The cluster consisted of 26 OSDs and used the crushmap which had a 
structure identical to that of a default crushmap constructed during the 
cluster creation. It had the unknownrack which contained 26 hosts and 
every host contained one OSD.

Problems started when one of my collegues created and installed into the 
cluster the new crush map which introduced a couple of new racks, changed 
the placement rule to 'step chooseleaf firstn 0 type rack' and changed the 
weights of most of the OSDs to 0 (they were meant to be removed from the 
cluster). I don't have the exact copy of that crushmap but my collegue 
reconstructed it from memory the best he could. It's attached as new-
crushmap.txt.

The OSDs reacted to the new crushmap by allocating large amounts of 
memory. Most of them had only 1 or 2 GB of RAM. That proved to be not 
enough and the Xen VMs hosting the OSDs crashed.

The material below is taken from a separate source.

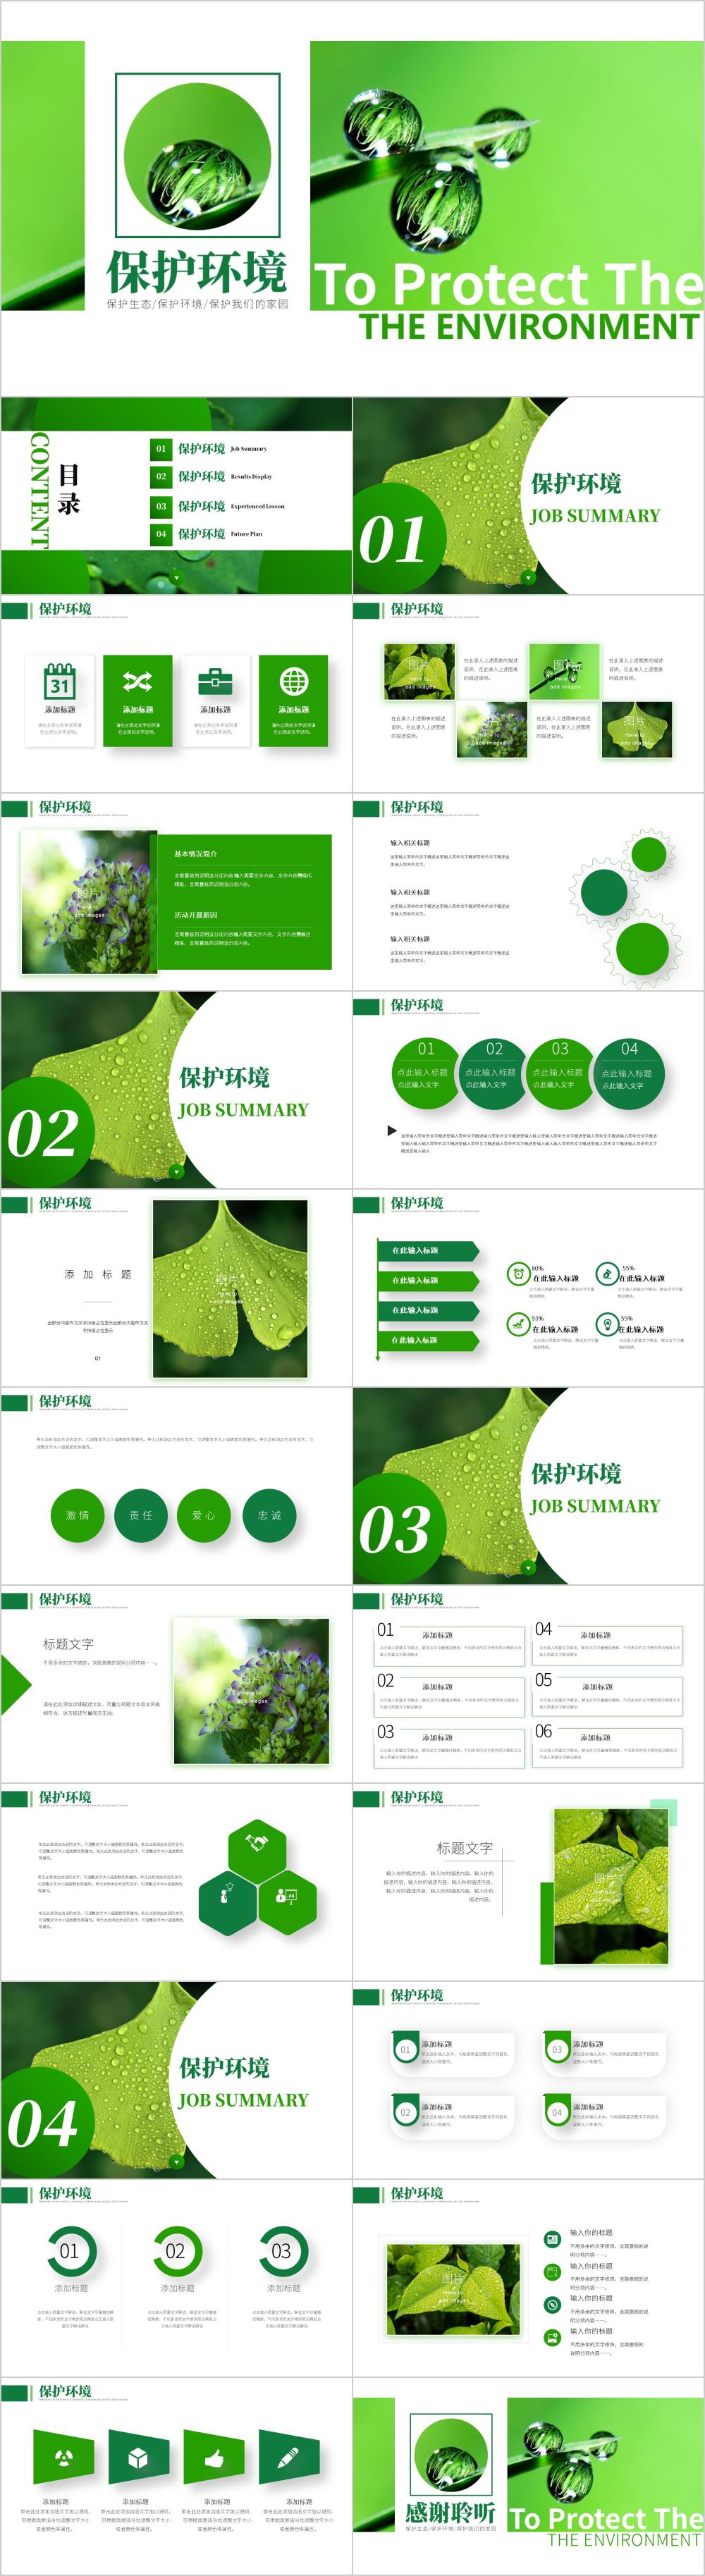 唯美绿色植物保护环境PPT模板

It turned out later, that 
most of the OSDs required as much as 6 to 10 GB of memory to complete the 
peering phase (ceph -w showed large number of PGs in that state while the 
OSDs were allocating memory).

One factor which I think might have played significant role in this 
situation was the large number of PGs - 20000. Our idea was to 
incrementally build the cluster consisting of approximately 200 OSDs, 
hence the 20000 PGs.

I see some items in your issue tracker that look like they may be 
addressing this large memory consumption issue:

http://tracker.newdream.net/issues/2321
http://tracker.newdream.net/issues/2041

I reverted to the default crushmap, changed replication level to 1 and 
marked all OSDs but 2 out. That allowed me to finally recover the cluster 
and bring it online but in the process all the OSDs crashed numerous 
times. They were either killed by the OOM Killer or the whole VMs were 
destroyed by me because they were unresponsive or the OSDs crashed due to 
failed asserts such as:

====
2012-05-10 13:07:39.869811 7f878645a700 -1 common/HeartbeatMap.cc: In 
function 'bool ceph::HeartbeatMap::_check(ceph::heartbeat_
handle_d*, const char*, time_t)' thread 7f878645a700 time 2012-05-10 
13:07:38.816680
common/HeartbeatMap.cc: 78: FAILED assert(0 == "hit suicide timeout")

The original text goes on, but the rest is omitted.